Exercise details »
Lines to restate from the data below: from the one containing "Corso Como Women Black Boots US 10 | eBay" to the one containing "Leporello-Album Kiel Mit", both included. Give them again exactly, and only them.

Extracted records »
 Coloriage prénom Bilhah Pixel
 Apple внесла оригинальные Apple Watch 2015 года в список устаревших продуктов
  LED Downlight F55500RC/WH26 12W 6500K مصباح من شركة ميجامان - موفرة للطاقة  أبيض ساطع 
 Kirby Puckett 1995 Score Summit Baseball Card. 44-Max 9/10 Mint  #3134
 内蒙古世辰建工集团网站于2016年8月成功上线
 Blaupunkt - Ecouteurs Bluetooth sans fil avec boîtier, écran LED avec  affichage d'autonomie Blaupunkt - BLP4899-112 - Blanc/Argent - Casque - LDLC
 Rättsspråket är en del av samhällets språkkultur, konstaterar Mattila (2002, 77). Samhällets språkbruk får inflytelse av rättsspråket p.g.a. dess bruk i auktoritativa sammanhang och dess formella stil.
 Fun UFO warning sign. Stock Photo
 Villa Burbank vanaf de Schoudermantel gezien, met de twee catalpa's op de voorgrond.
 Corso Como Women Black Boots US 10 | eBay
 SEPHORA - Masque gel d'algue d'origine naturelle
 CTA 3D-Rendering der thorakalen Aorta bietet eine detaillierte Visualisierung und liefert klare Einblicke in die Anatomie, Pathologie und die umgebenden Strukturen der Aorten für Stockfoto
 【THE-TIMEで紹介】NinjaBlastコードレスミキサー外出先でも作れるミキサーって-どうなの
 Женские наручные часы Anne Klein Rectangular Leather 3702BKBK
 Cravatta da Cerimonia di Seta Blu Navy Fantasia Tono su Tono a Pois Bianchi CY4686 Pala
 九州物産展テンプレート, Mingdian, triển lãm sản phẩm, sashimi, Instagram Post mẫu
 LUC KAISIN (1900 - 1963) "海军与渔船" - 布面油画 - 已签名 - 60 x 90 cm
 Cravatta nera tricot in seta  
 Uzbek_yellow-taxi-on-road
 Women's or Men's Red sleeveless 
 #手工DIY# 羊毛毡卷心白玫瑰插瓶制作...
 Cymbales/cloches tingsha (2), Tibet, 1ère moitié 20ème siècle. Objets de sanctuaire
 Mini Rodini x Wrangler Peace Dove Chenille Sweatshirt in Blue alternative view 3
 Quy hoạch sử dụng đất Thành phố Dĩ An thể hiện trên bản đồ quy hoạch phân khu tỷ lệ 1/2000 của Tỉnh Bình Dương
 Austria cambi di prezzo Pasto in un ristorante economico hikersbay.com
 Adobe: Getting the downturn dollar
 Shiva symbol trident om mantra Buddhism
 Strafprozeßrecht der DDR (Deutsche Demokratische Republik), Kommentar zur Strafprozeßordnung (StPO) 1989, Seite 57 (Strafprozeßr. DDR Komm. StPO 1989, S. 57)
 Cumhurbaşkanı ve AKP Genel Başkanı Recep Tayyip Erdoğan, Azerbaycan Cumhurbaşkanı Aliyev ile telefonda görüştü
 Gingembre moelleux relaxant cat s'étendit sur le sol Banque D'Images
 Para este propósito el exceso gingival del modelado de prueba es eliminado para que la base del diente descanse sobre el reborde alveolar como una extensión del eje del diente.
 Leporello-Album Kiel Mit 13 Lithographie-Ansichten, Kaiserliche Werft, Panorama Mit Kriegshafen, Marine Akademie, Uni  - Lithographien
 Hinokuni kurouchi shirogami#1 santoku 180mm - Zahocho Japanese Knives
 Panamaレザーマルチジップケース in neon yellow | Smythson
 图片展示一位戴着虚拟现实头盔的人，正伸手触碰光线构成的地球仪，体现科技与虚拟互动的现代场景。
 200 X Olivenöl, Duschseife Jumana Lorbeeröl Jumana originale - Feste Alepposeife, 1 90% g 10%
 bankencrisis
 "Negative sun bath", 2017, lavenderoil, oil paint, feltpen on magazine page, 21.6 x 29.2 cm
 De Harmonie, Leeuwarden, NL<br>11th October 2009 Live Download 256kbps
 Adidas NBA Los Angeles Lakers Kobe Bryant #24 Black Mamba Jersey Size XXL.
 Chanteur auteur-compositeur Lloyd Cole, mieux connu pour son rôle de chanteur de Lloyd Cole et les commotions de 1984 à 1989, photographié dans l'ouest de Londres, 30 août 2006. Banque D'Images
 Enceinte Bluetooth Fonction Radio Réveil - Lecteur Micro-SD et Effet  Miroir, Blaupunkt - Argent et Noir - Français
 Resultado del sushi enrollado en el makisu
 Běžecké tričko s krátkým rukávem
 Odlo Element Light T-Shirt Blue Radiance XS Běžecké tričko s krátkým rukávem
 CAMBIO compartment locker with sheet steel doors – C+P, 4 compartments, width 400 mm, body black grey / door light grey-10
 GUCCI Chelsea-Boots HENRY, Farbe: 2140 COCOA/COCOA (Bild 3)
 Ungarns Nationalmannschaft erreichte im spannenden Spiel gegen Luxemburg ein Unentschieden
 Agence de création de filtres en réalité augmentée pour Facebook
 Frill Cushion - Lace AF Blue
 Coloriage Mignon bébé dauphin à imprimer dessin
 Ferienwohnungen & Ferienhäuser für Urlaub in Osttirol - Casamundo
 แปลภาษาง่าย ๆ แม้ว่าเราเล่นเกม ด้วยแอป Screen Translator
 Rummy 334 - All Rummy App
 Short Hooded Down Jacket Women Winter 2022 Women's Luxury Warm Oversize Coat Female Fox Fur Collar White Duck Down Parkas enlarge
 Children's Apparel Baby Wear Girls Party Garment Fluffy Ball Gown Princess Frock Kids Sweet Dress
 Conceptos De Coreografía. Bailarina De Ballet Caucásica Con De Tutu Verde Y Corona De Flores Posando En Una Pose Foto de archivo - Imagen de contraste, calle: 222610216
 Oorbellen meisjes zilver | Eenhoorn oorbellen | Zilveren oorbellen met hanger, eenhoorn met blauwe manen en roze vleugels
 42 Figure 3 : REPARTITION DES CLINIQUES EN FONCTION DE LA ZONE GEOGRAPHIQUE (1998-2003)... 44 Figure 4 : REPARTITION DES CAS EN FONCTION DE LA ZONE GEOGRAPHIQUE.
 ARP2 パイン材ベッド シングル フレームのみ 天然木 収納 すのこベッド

Solution to this task »
 Corso Como Women Black Boots US 10 | eBay
 SEPHORA - Masque gel d'algue d'origine naturelle
 CTA 3D-Rendering der thorakalen Aorta bietet eine detaillierte Visualisierung und liefert klare Einblicke in die Anatomie, Pathologie und die umgebenden Strukturen der Aorten für Stockfoto
 【THE-TIMEで紹介】NinjaBlastコードレスミキサー外出先でも作れるミキサーって-どうなの
 Женские наручные часы Anne Klein Rectangular Leather 3702BKBK
 Cravatta da Cerimonia di Seta Blu Navy Fantasia Tono su Tono a Pois Bianchi CY4686 Pala
 九州物産展テンプレート, Mingdian, triển lãm sản phẩm, sashimi, Instagram Post mẫu
 LUC KAISIN (1900 - 1963) "海军与渔船" - 布面油画 - 已签名 - 60 x 90 cm
 Cravatta nera tricot in seta  
 Uzbek_yellow-taxi-on-road
 Women's or Men's Red sleeveless 
 #手工DIY# 羊毛毡卷心白玫瑰插瓶制作...
 Cymbales/cloches tingsha (2), Tibet, 1ère moitié 20ème siècle. Objets de sanctuaire
 Mini Rodini x Wrangler Peace Dove Chenille Sweatshirt in Blue alternative view 3
 Quy hoạch sử dụng đất Thành phố Dĩ An thể hiện trên bản đồ quy hoạch phân khu tỷ lệ 1/2000 của Tỉnh Bình Dương
 Austria cambi di prezzo Pasto in un ristorante economico hikersbay.com
 Adobe: Getting the downturn dollar
 Shiva symbol trident om mantra Buddhism
 Strafprozeßrecht der DDR (Deutsche Demokratische Republik), Kommentar zur Strafprozeßordnung (StPO) 1989, Seite 57 (Strafprozeßr. DDR Komm. StPO 1989, S. 57)
 Cumhurbaşkanı ve AKP Genel Başkanı Recep Tayyip Erdoğan, Azerbaycan Cumhurbaşkanı Aliyev ile telefonda görüştü
 Gingembre moelleux relaxant cat s'étendit sur le sol Banque D'Images
 Para este propósito el exceso gingival del modelado de prueba es eliminado para que la base del diente descanse sobre el reborde alveolar como una extensión del eje del diente.
 Leporello-Album Kiel Mit 13 Lithographie-Ansichten, Kaiserliche Werft, Panorama Mit Kriegshafen, Marine Akademie, Uni  - Lithographien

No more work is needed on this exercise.